» **AIM OF THE EXERCISE**
Take the records below and set down exactly the lines from the one with "Sarkis - The" to the one with "Fort Bunk Mattresses", ends included; do not copy the pictures.

» **DATA IN THIS EXERCISE**
__________

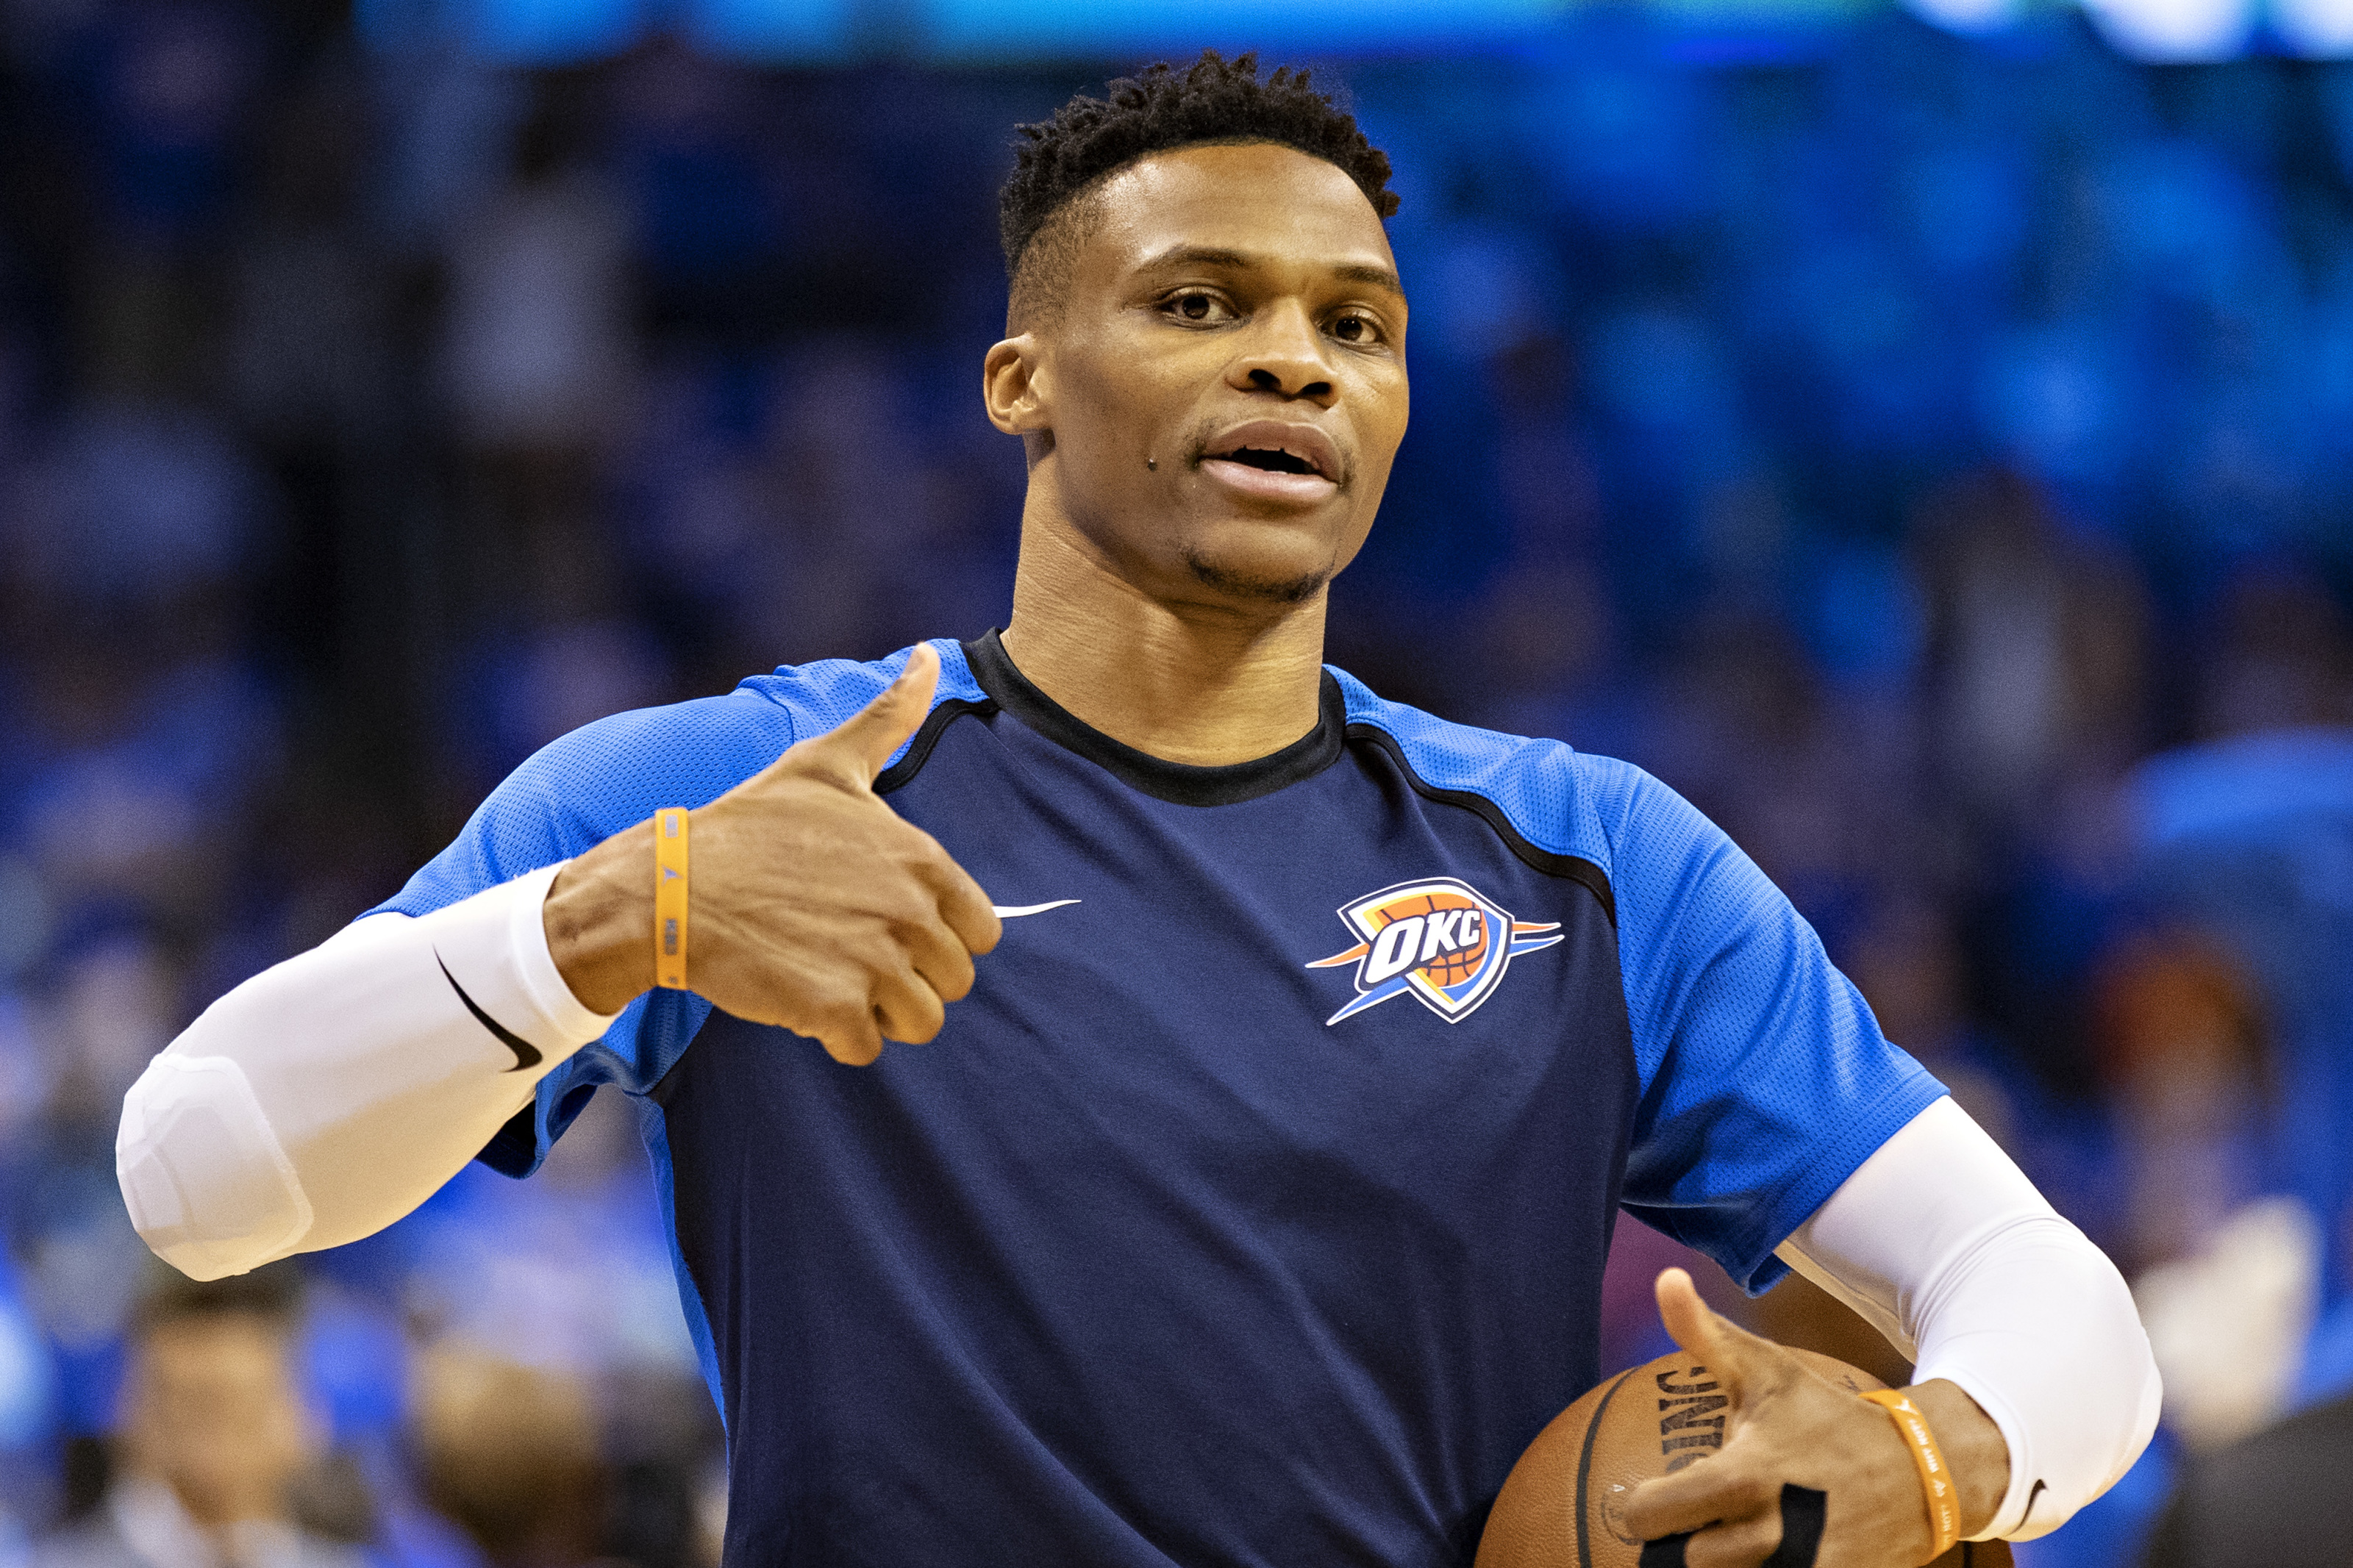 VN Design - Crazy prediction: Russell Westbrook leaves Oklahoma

__________

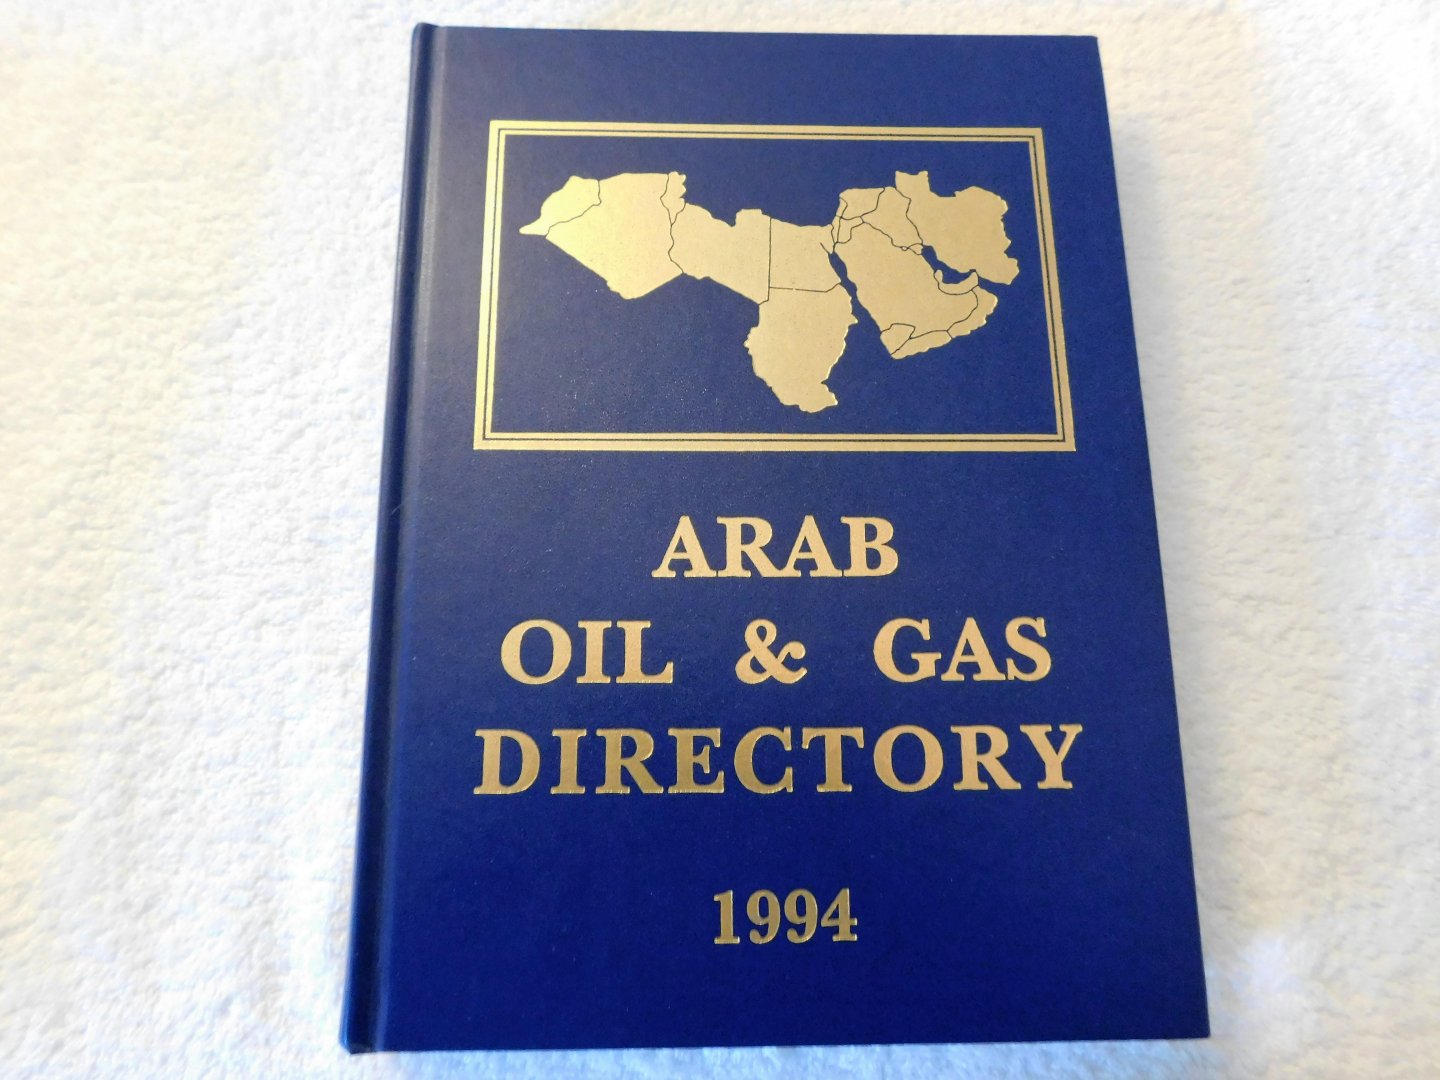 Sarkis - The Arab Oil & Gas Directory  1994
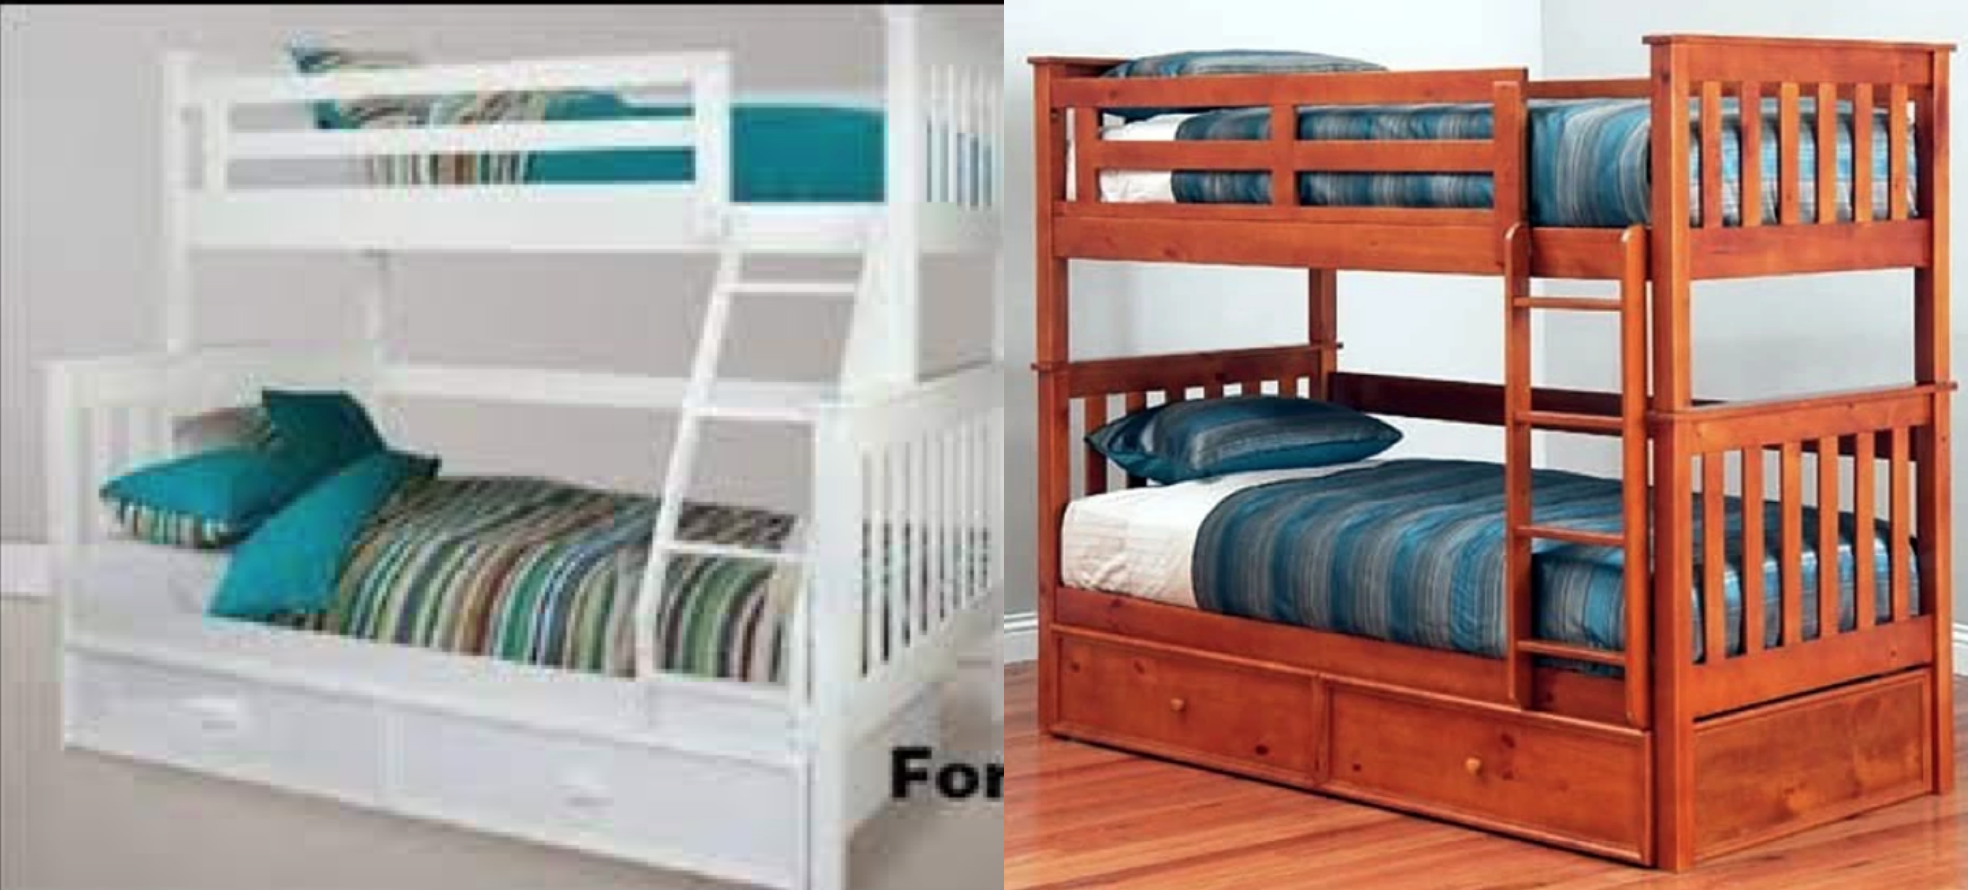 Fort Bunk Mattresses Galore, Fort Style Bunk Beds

__________

» **WRITTEN REPLY**
 Sarkis - The Arab Oil & Gas Directory  1994
 Fort Bunk Mattresses Galore, Fort Style Bunk Beds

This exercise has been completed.